Yurtdışında iken görevleri başında vefat eden büyükelçileri, görev şehitlerini ve onların yol arkadaşlarını da rahmetle anan Emine Erdoğan, şöyle devam etti:
"Bunların içinde, İkinci Dünya Savaşı döneminde, görev yaptığı Rodos'ta, Osmanlı kimliğine sahip bir çok Yahudi'nin toplama kamplarına gönderilmesine engel olan Selahattin Ülkümen Beyefendi'yi ve eşi Mihrinnisa Hanımefendi'yi özellikle anmak istiyorum. Başkonsolosumuz Selahattin Ülkümen'in vicdanı, ahlakı ve tarihi sorumluluğu gereği yaptığı bu büyük insanlık jestine, Konsolosluk Binası bombalanarak karşılık verilmişti.
Bu bombardımanda Başkonsolosumuz Selahattin Bey'in eşi Mihrinnisa Hanım şehit olmuştu. Türkiye, o yıllardan beri din, dil, ırk ayrımı gözetmeksizin, mazlumlara sahip çıkma ahlakını, politikasını bugün de güçlenerek devam ettirmektedir. Sizler de bu politikanın yurt dışında bayraktarlığını yapan, bu uğurda görev şehitleri de vermiş, çok güzide bir topluluğun mensuplarısınız. Bu ülkenin, sizlerin fedakar çabalarına, çalışkanlığına ve değerli fikirlerine ihtiyacı olduğunu bir kere daha tekrarlamak istiyorum."
Büyükelçi eşlerini çalışmalarından dolayı kutlayan Erdoğan, 2015'in Türkiye ve insanlık için huzur, barış ve istikrar getirmesini diledi.
-"Aileler benzer sorunlarla karşılaşıyorlar"
Dışişleri Bakanı Mevlüt Çavuşoğlu'nun eşi Hülya Çavuşoğlu da eşleriyle dünyanın farklı coğrafyalarında görev yapan ailelerin benzer sorunlarla karşılaştıklarına dikkati çekti.

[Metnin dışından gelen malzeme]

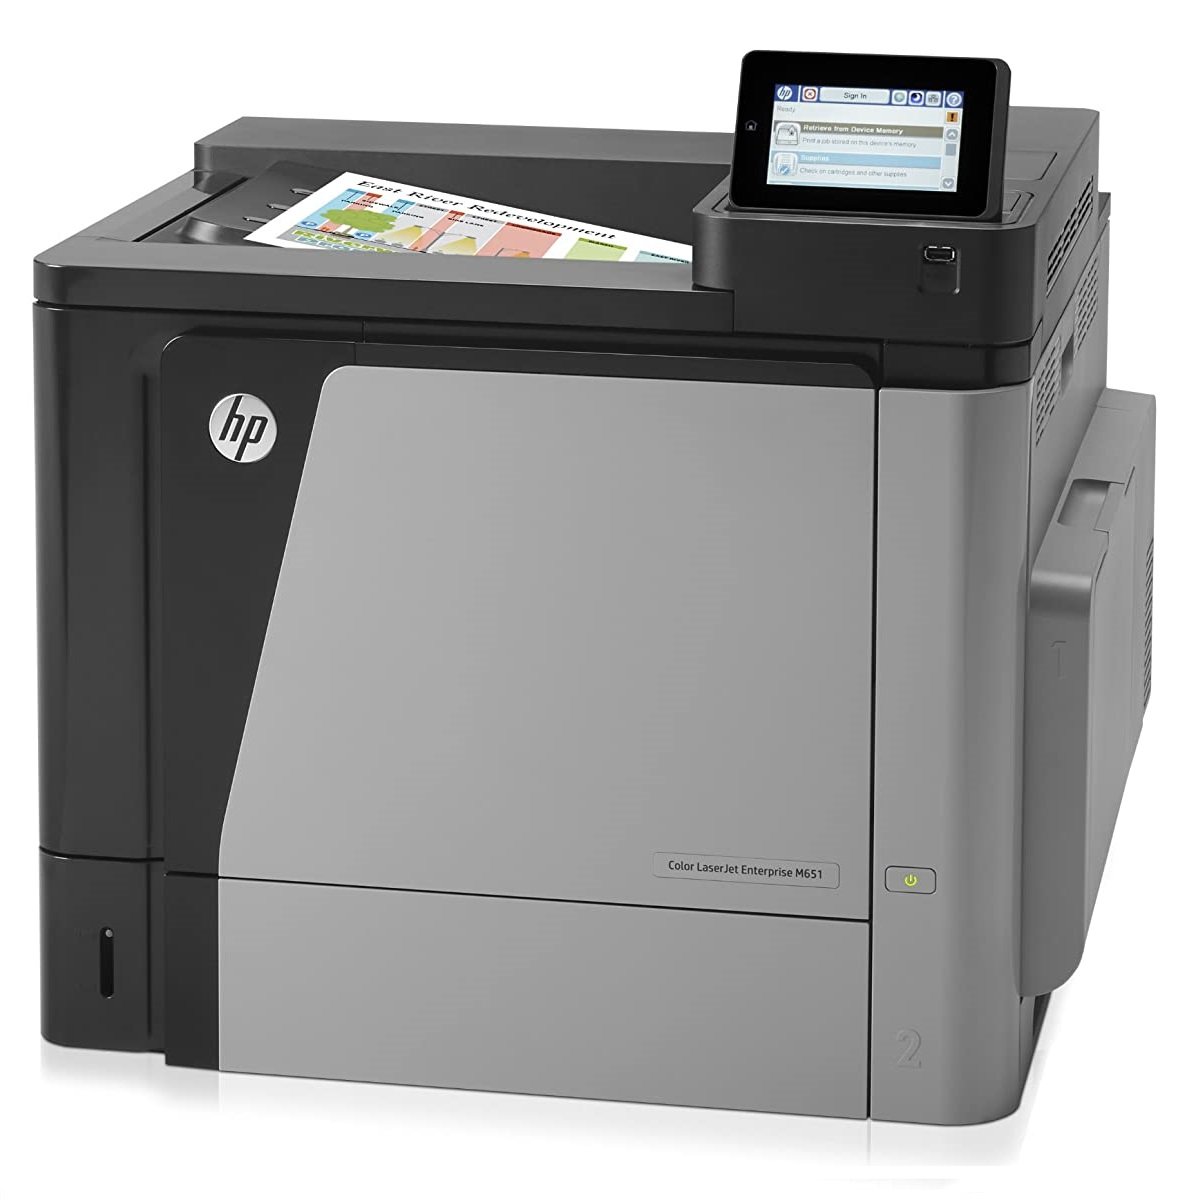 HP LaserJet Enterprise M651 Color Laser Office Printer (CZ256A) Duplex, Network, Fast & very economical For Office Use

Diplomat eşlerini bir araya getiren, yurtiçi ve yurtdışındaki etkinliklerde yardım elini uzatan en önemli oluşumun Dışişleri Mensupları Eşleri Dayanışma Derneği (DMEDD) olduğunu söyleyen Çavuşoğlu, kuruluş amaçlarından birinin Dışişleri camiasında görev başında şehit düşen mensupların ailelerine yardım sağlamak olduğunu dile getirdi.
DMEDD'in faaliyet alanını genişlettiğini, diplomat eşleri arasındaki dayanışmanın ortak noktası olduğunu ifade eden Çavuşoğlu, derneğin Türkiye'yi ve Türk kültürünü tanıtıcı faaliyetler de bulunduğunu anlattı. Çavuşoğlu, Dışişleri Bakanlığının kurumsal olarak diplomat eşleri ve ailelerinin yaşam kalitelerinin iyileştirilmesi için DMMED işbirliğiyle Bakanlık içinde aile destek birimi kurmasının son derece önemli bir adım olduğunu kaydederek, böylece yurtdışına atanan ve yurtdışından dönen tüm diplomatların ve ailelerinin uyum süreçlerini daha kolay atlatacaklarını düşündüklerini vurguladı.
Emine Erdoğan, daha sonra büyükelçi eşleriyle hatıra fotoğrafı çektirdi.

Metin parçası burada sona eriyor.